### Instructions to follow
Starting at the line that contains "Lokaal gezondheidsbeleid 2007-2010", repeat each line of the listing below through the last one, exactly, and leave out every picture.

##### Dataset excerpt #####

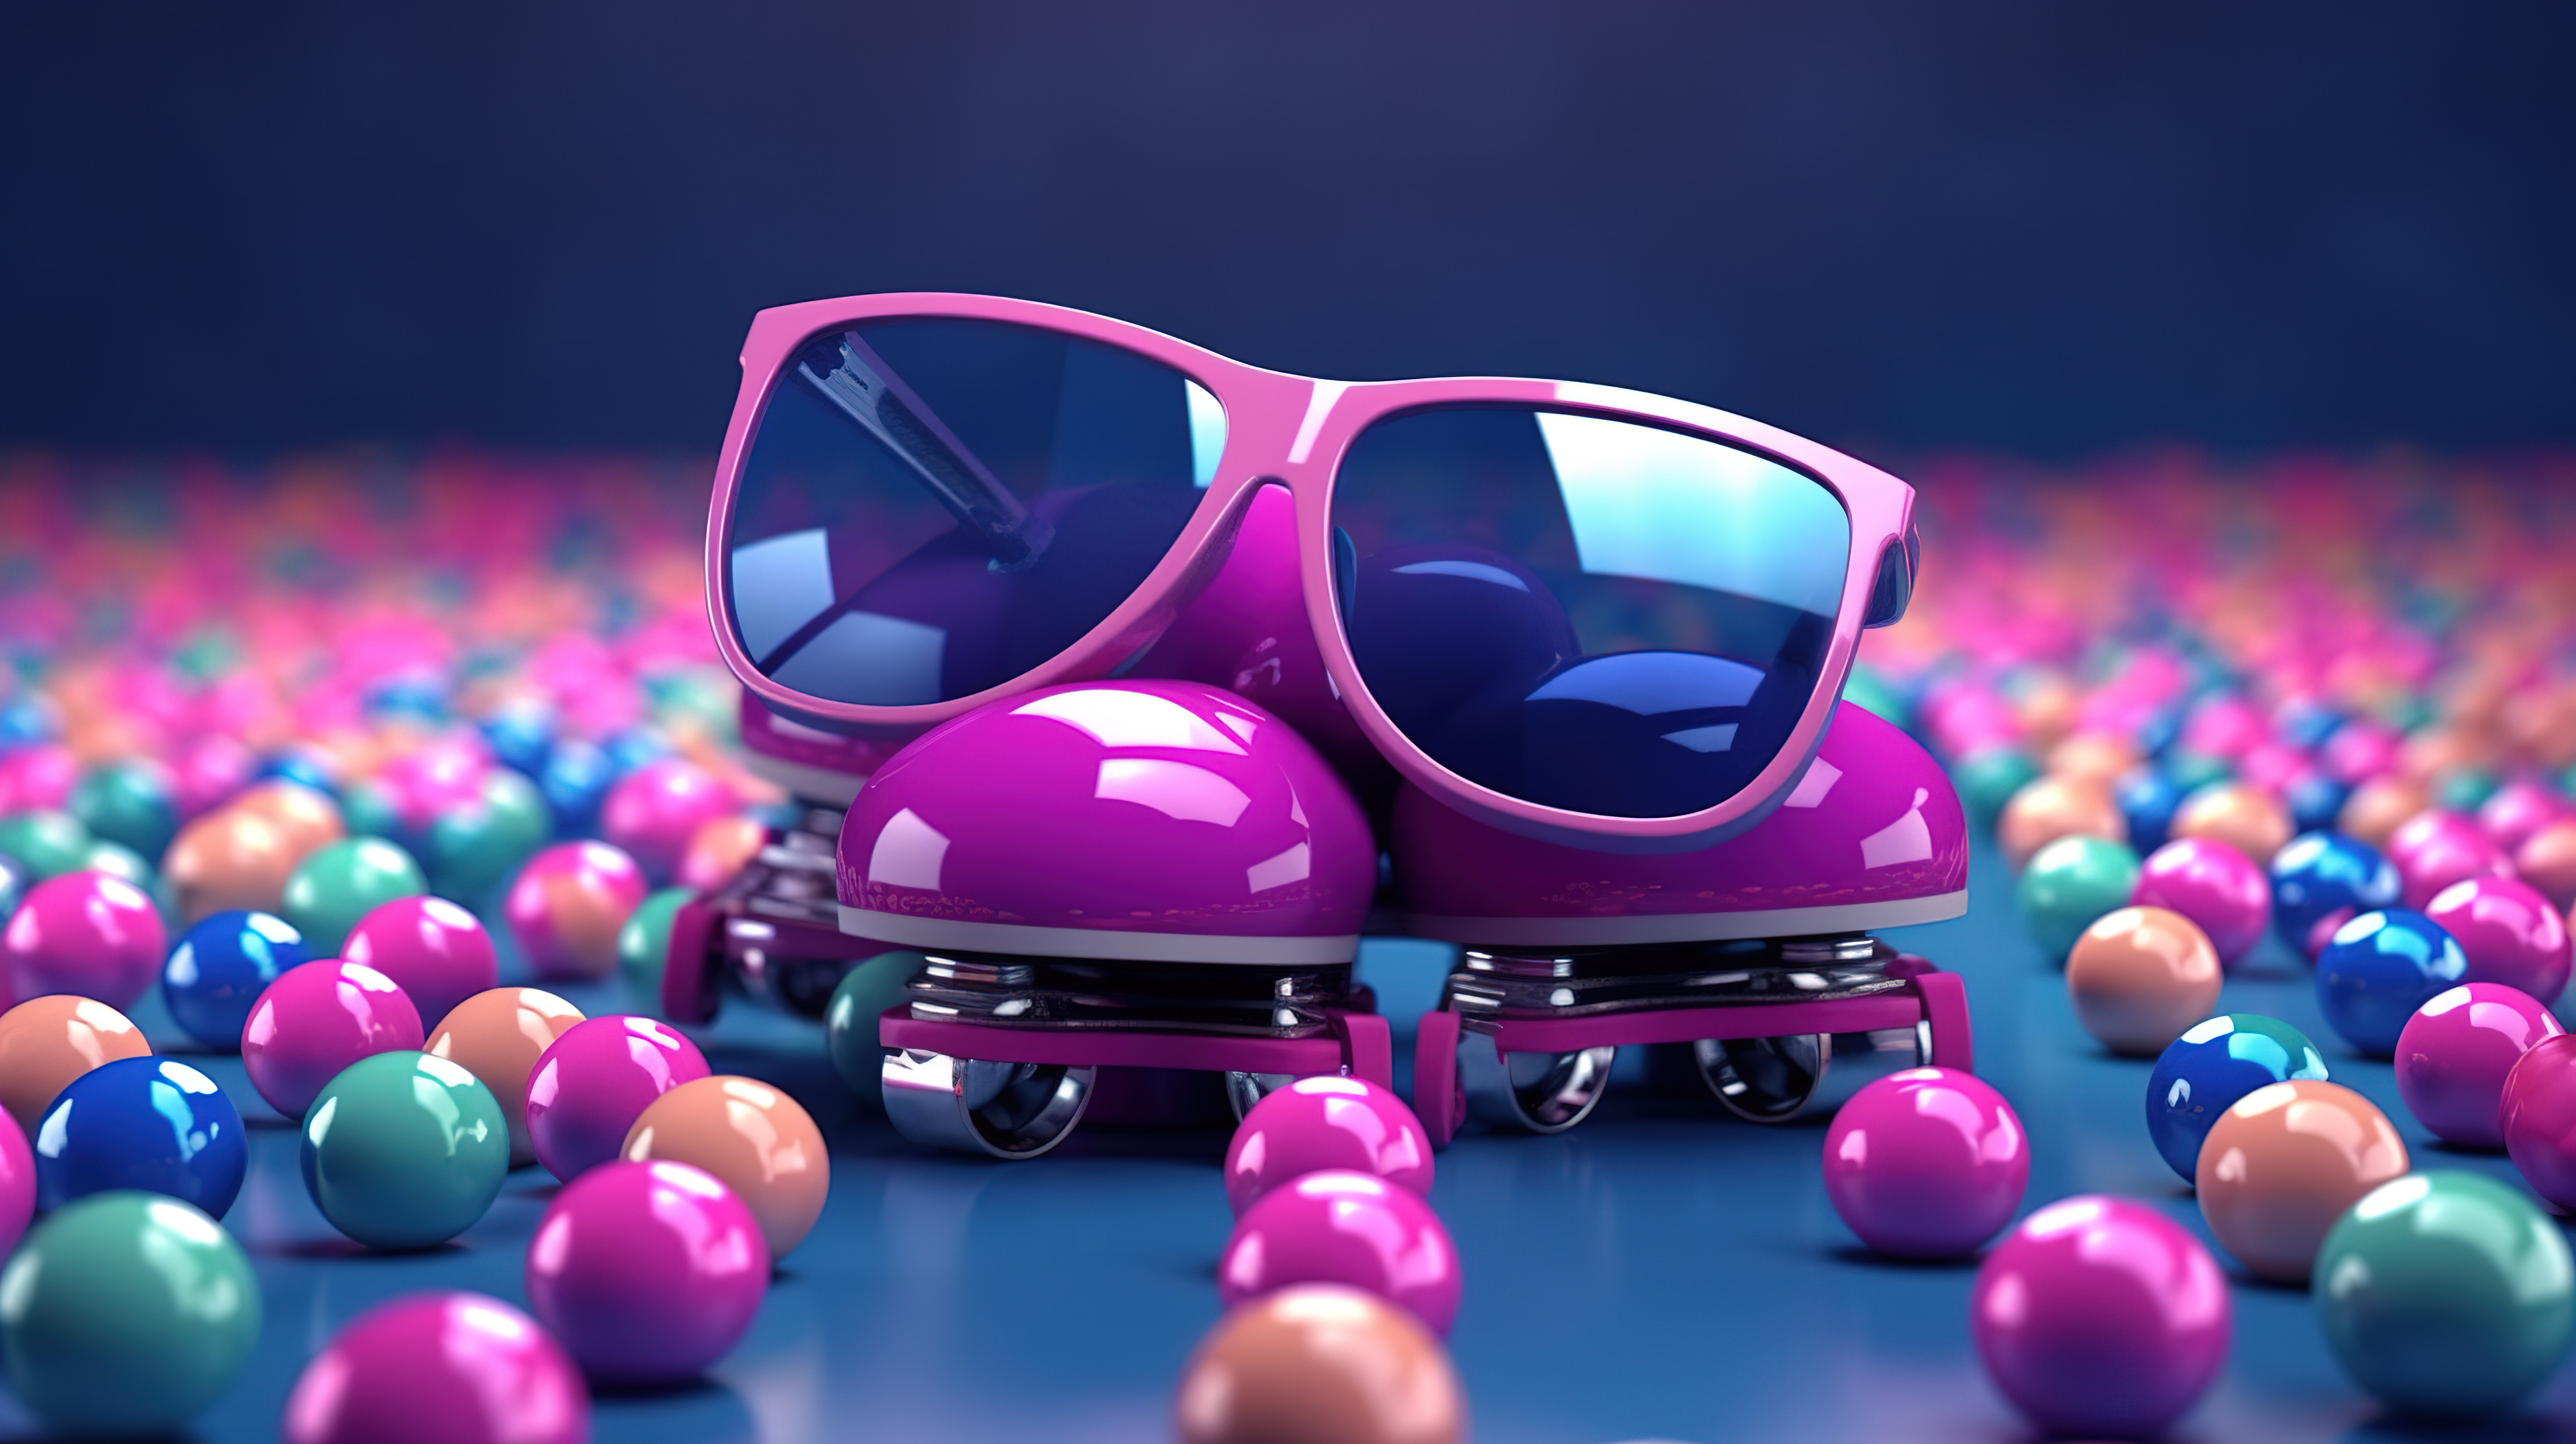 深蓝色背景上蓝色溜冰鞋和粉色眼镜周围彩色球的 3D 渲染图片
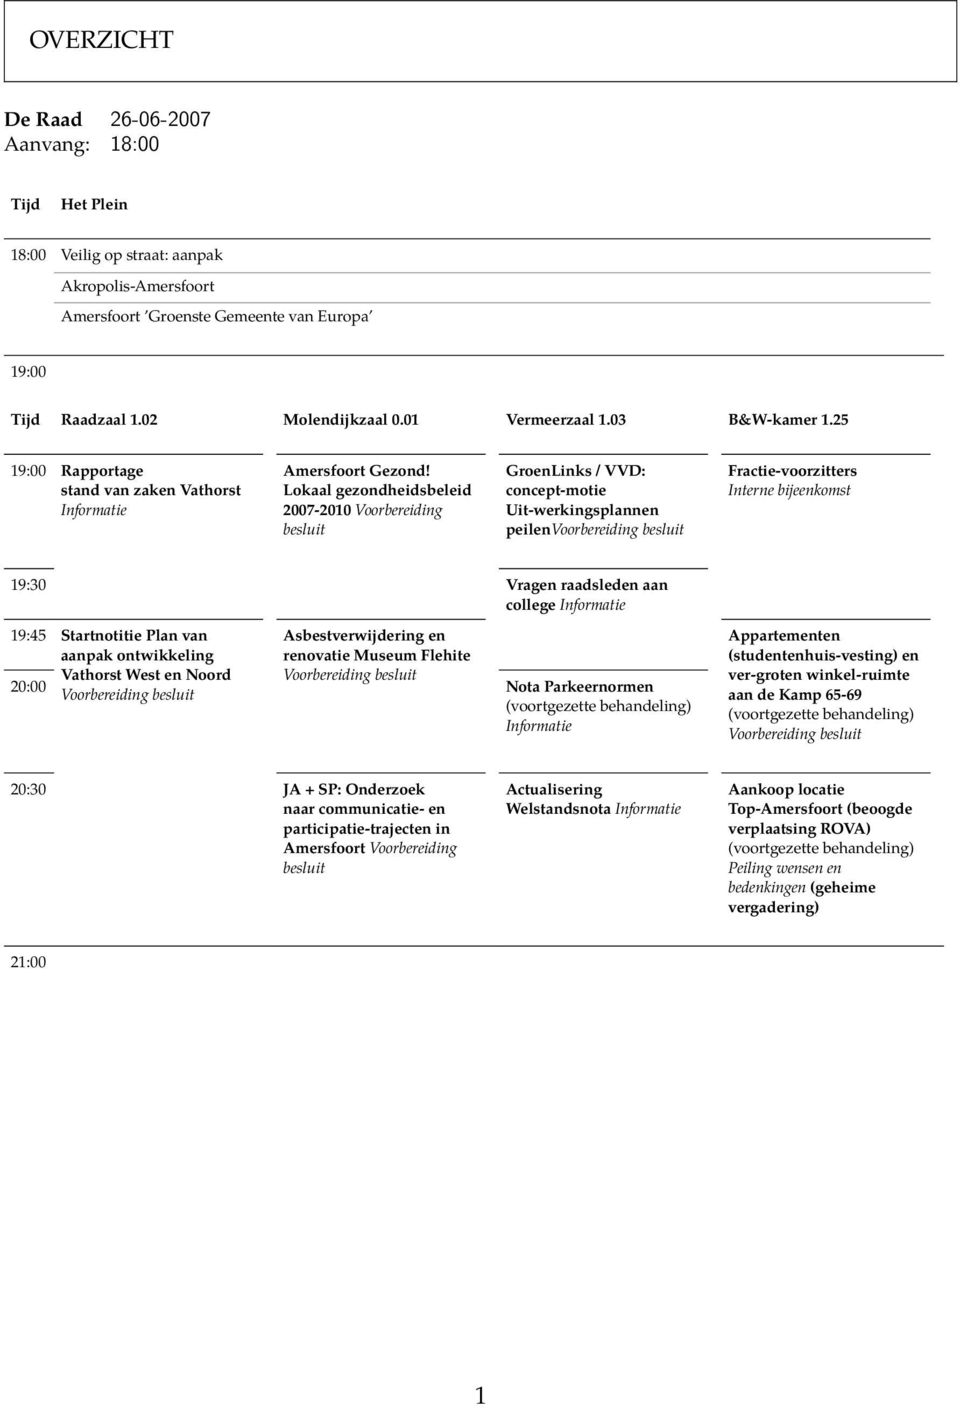 Lokaal gezondheidsbeleid 2007-2010 Voorbereiding besluit GroenLinks / VVD: concept-motie Uit-werkingsplannen peilenvoorbereiding besluit Fractie-voorzitters Interne bijeenkomst 19:30 Vragen
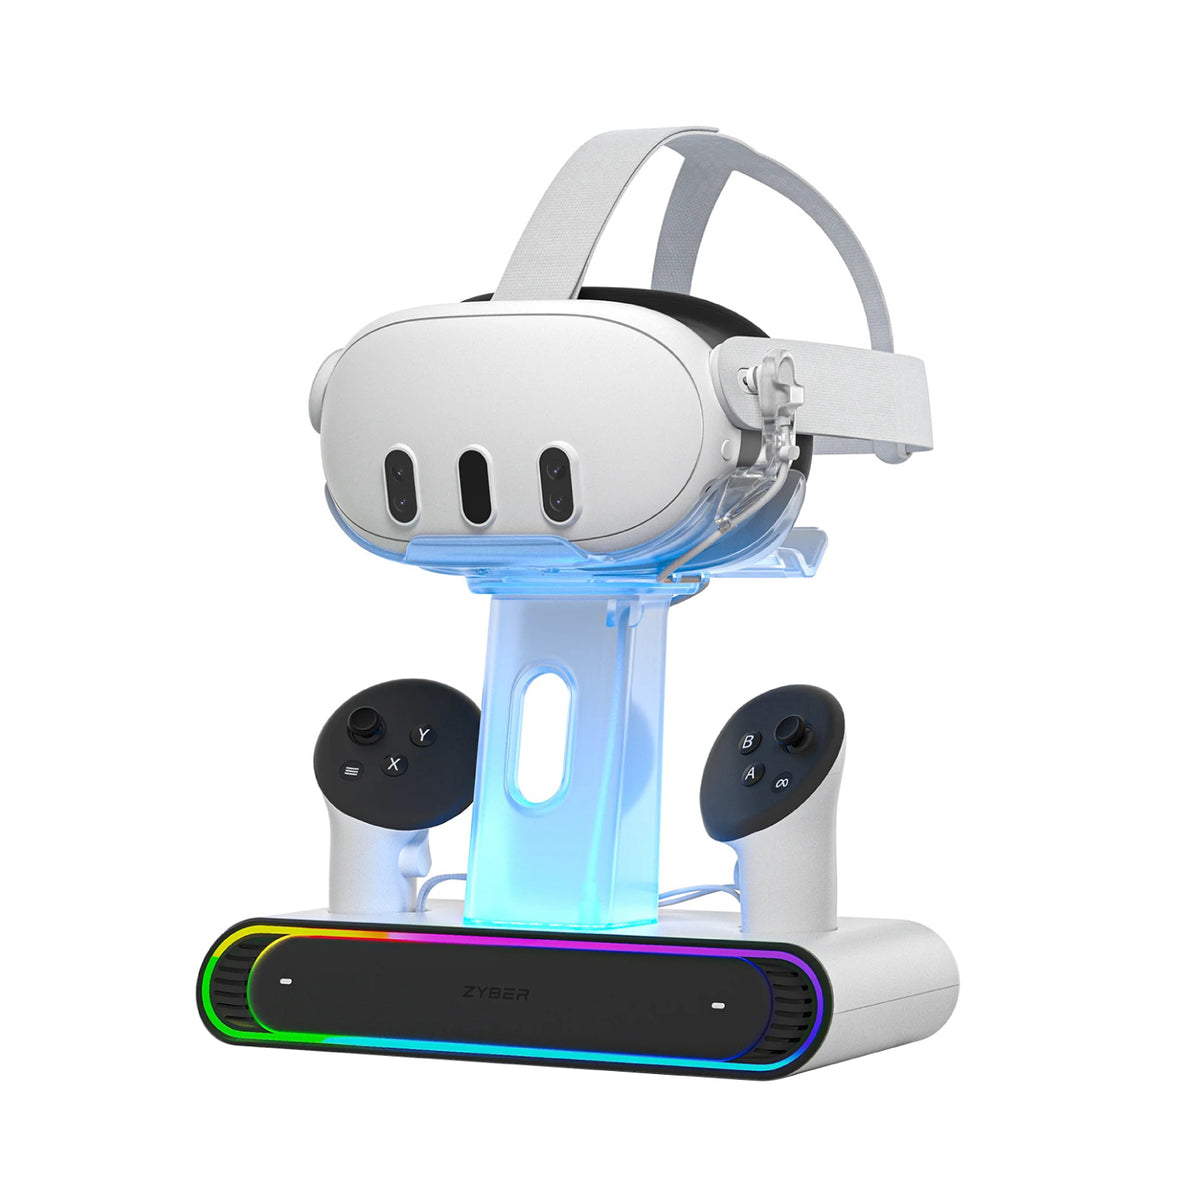 VR Accessories Going Pro | ZyberVR Premium VR Headset Accessories

#####

### The completed task
 Lokaal gezondheidsbeleid 2007-2010 Voorbereiding besluit GroenLinks / VVD: concept-motie Uit-werkingsplannen peilenvoorbereiding besluit Fractie-voorzitters Interne bijeenkomst 19:30 Vragen
 VR Accessories Going Pro | ZyberVR Premium VR Headset Accessories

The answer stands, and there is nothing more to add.